The Center for Biological Diversity submitted Freedom of Information Act requests today for emails and other public records related to the Trump administration's decision to disband a federal climate advisory panel. Today's requests also seek records that would illuminate whether the administration plans to censor or delay the upcoming fourth "National Climate Assessment."

"Dumping a whole panel full of expert advisors shows how badly Trump wants to avoid hearing the truth about climate change," said Howard Crystal, a senior attorney at the Center's Climate Law Institute. "Eliminating expert input for the National Climate Assessment is an enormous threat to public safety and a win for the fossil fuel industry. Americans have a right to know who or what influenced this disturbing decision."

The Trump administration announced Aug. 18 that it was disbanding the Advisory Committee for the Sustained National Climate Assessment. The 15-person panel, created in 2015 by the federal National Oceanic and Atmospheric Administration, advised both public and private sectors on long-term climate change planning.

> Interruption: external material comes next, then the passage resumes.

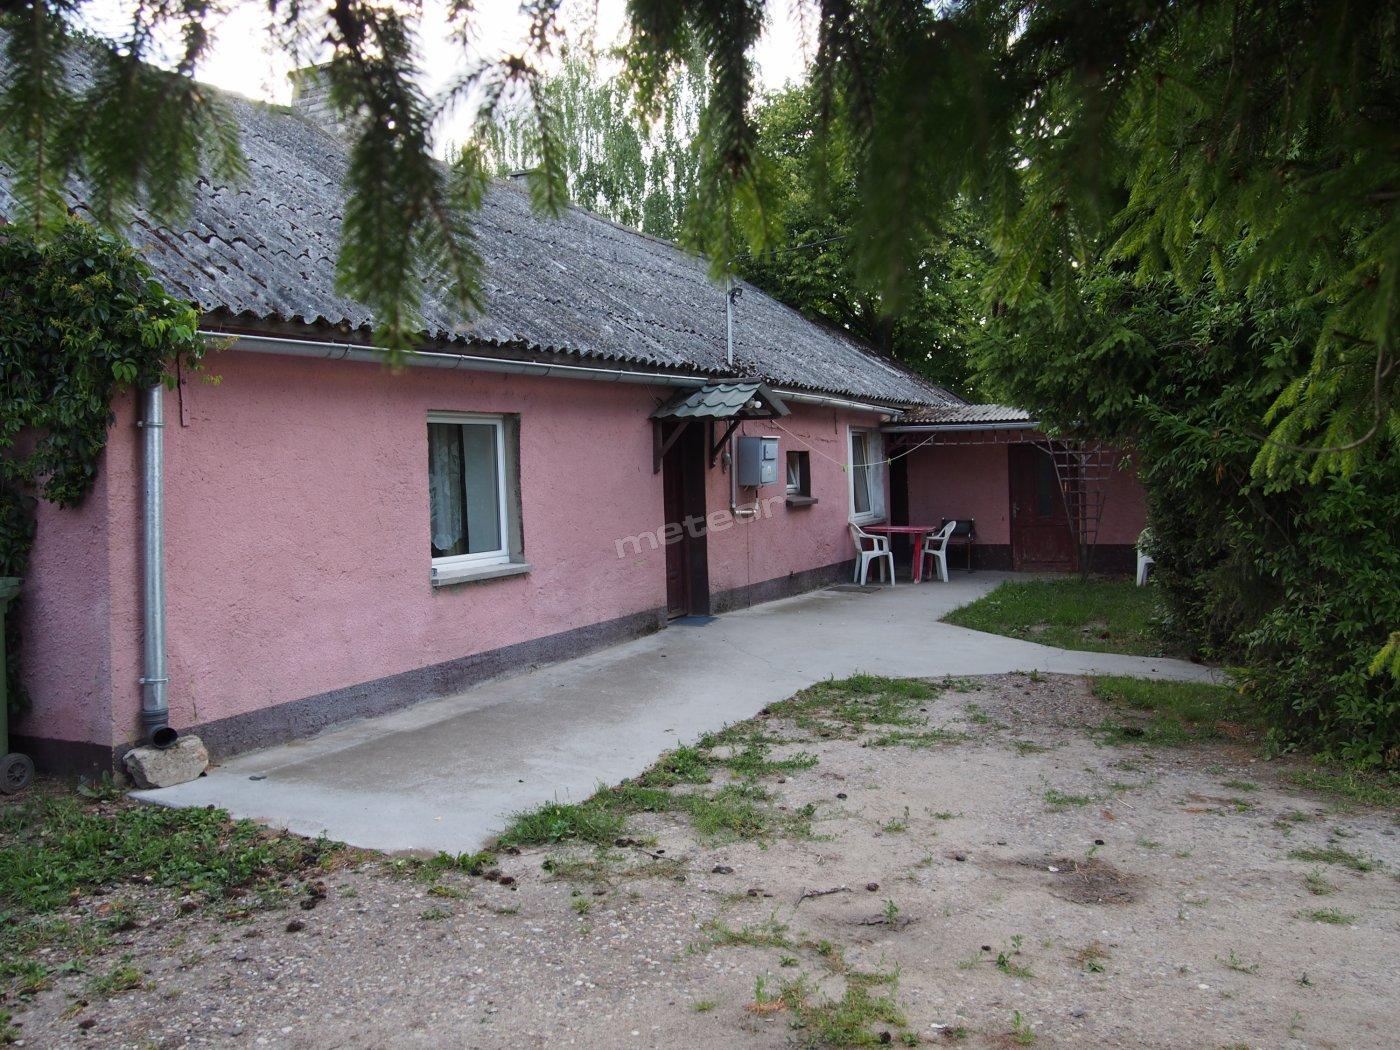 Dom Lipinki: dostępne 3 pokoje, 2 łazienki w pełni wyposażone: kuchnia oraz aneks kuchenny.
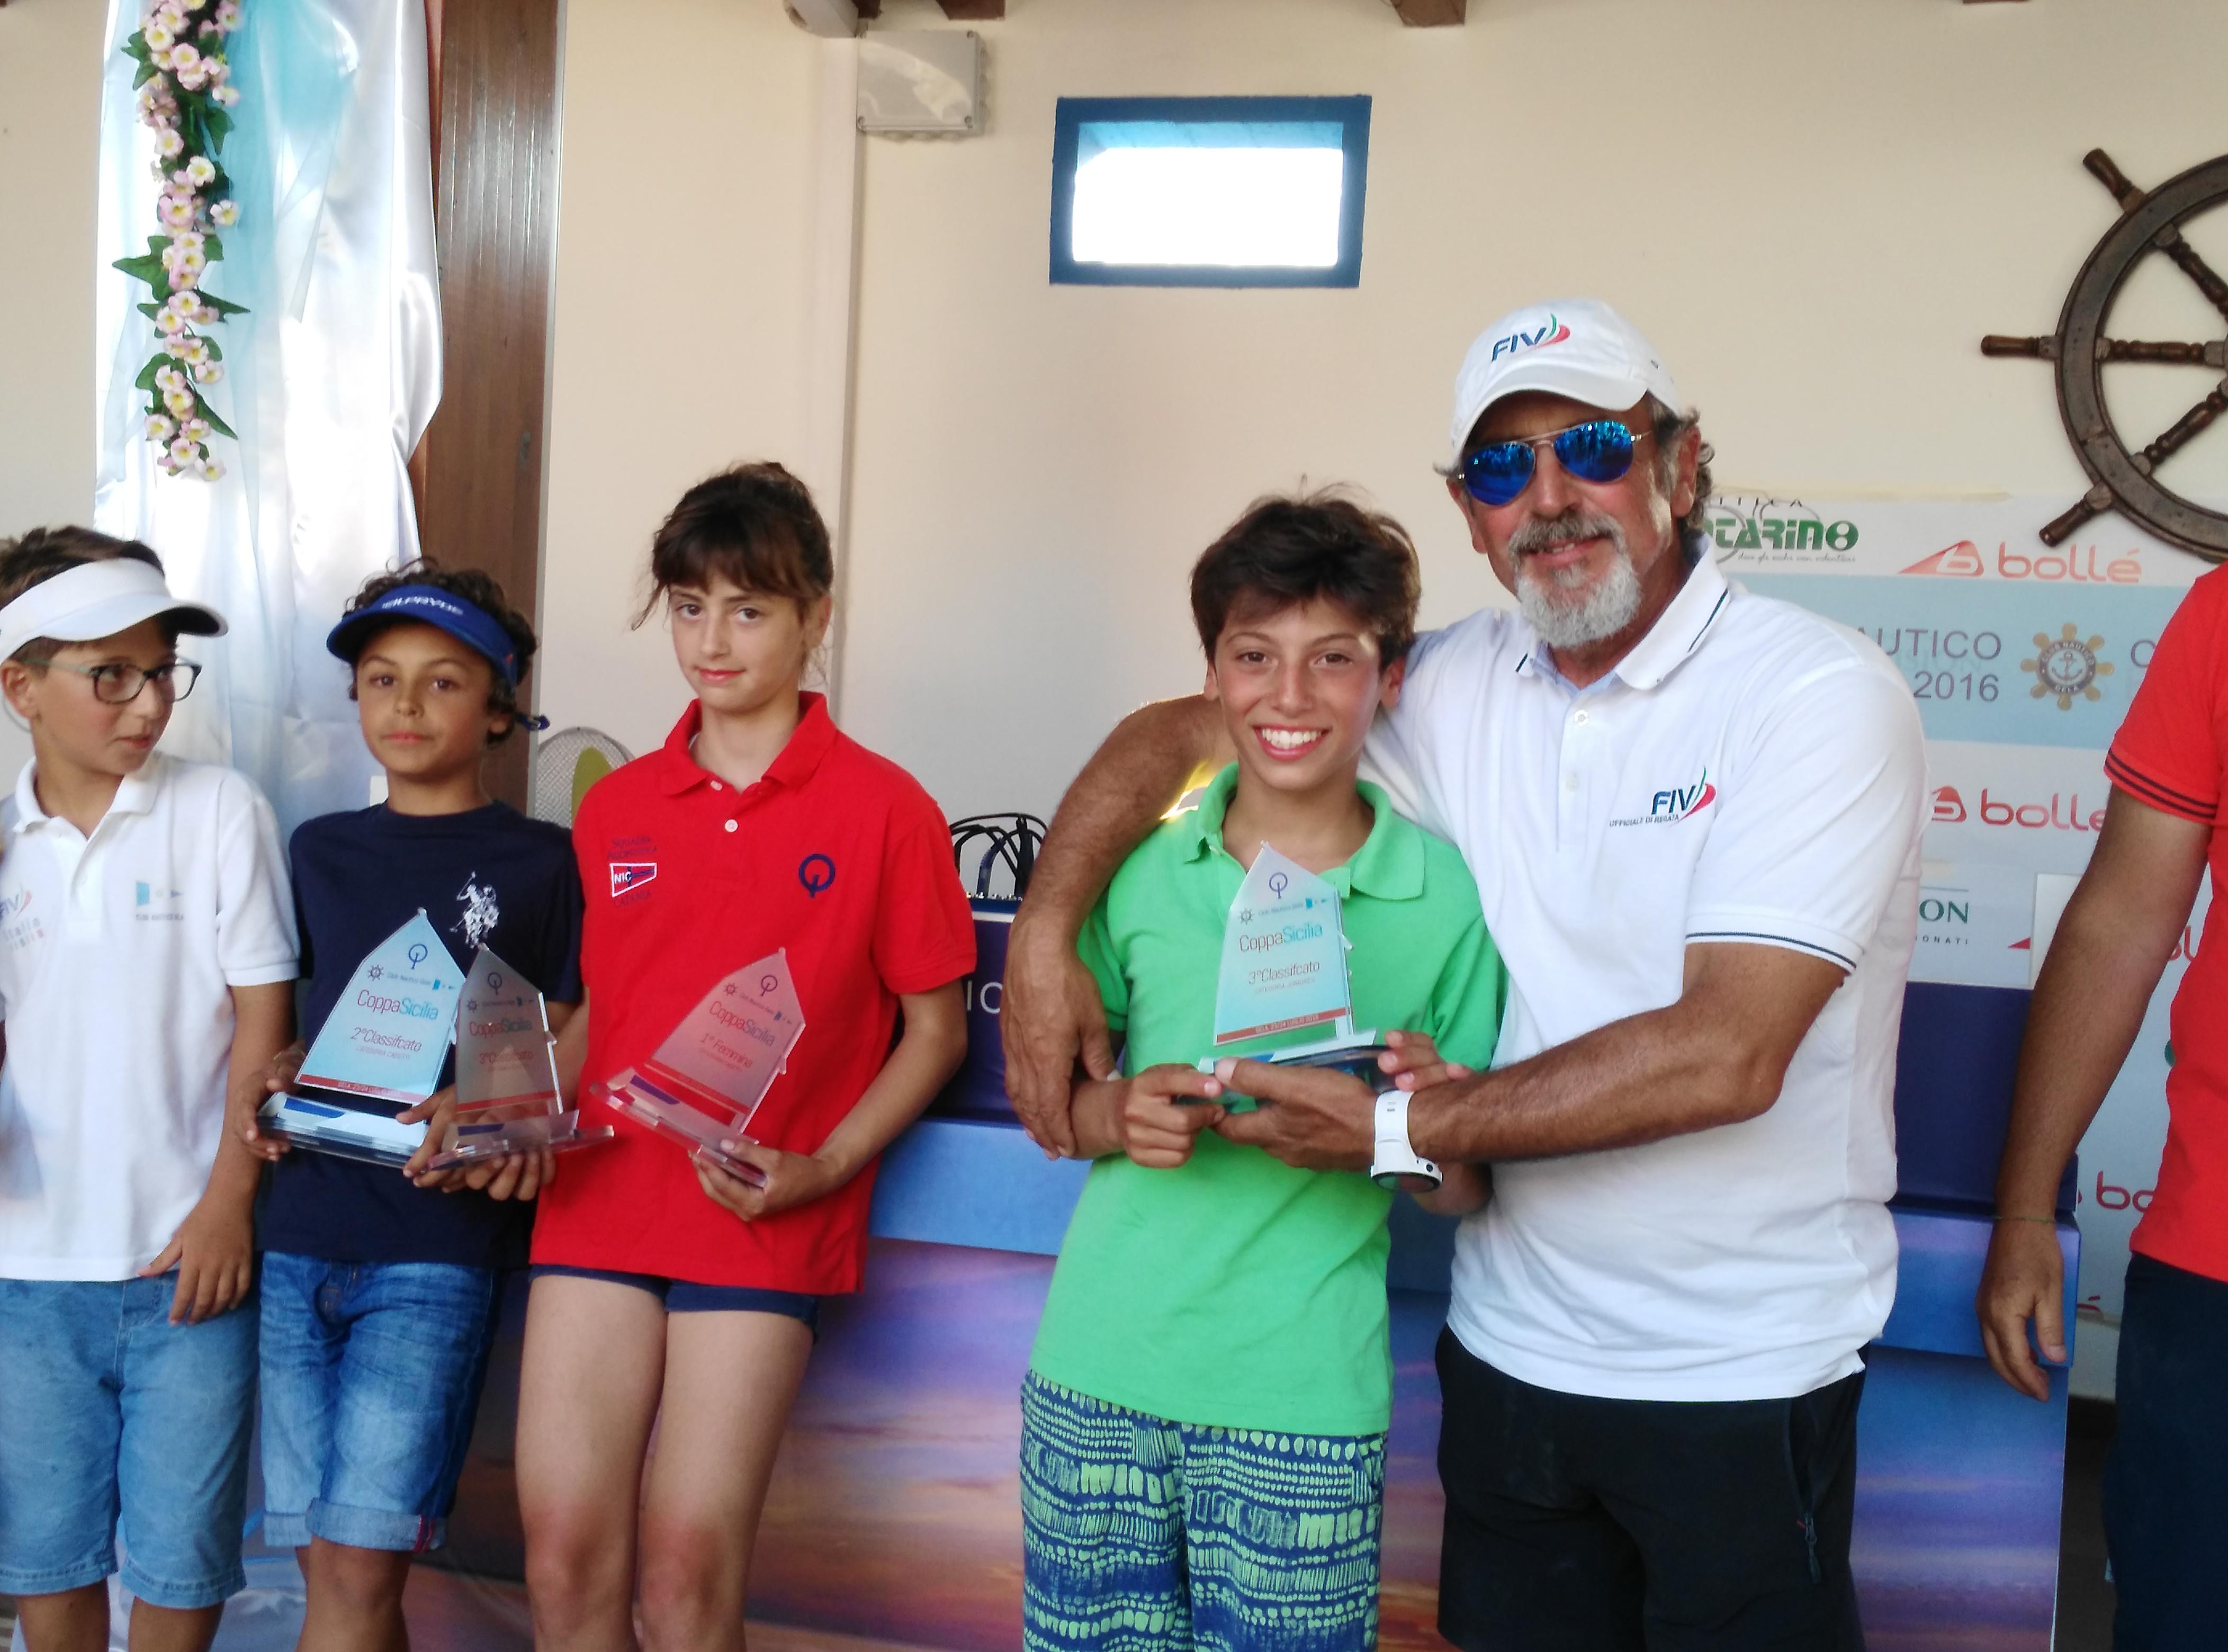 Coppa Sicilia: sul podio gli atleti della Canottieri Marsala

This included analyzing the effects of current and projected climate change on ecosystems, public health, agriculture, energy production and infrastructure.

Through today's request to the agency, the Center seeks to uncover who was involved in the decision to terminate this committee, the factors considered and how the committee's unfinished work will be completed.

Separately, the Center is sending records requests to all agencies that participate in the Subcommittee on Global Change Research, which plays a central role in preparing the National Climate Assessment. The Center aims to learn whether the timely release of the next assessment, due in 2018, is now in jeopardy.

A 1990 law requires the federal government to issue a National Climate Assessment, a report summarizing the current and future impacts of climate change on the United States, every four years. But the assessment has only come out three times since the law's passage. In 2006 the Center successfully sued President George W. Bush after his administration repeatedly stalled the release of a previous assessment.

"As we did with the Bush administration, we will pursue all legal options to make sure this scientific assessment of climate threats to America, which is crucial to planning for our future under climate change, is released," Crystal said.

At the Center for Biological Diversity, we believe that the welfare of human beings is deeply linked to nature — to the existence in our world of a vast diversity of wild animals and plants. Because diversity has intrinsic value, and because its loss impoverishes society, we work to secure a future for all species, great and small, hovering on the brink of extinction. We do so through science, law and creative media, with a focus on protecting the lands, waters and climate that species need to survive.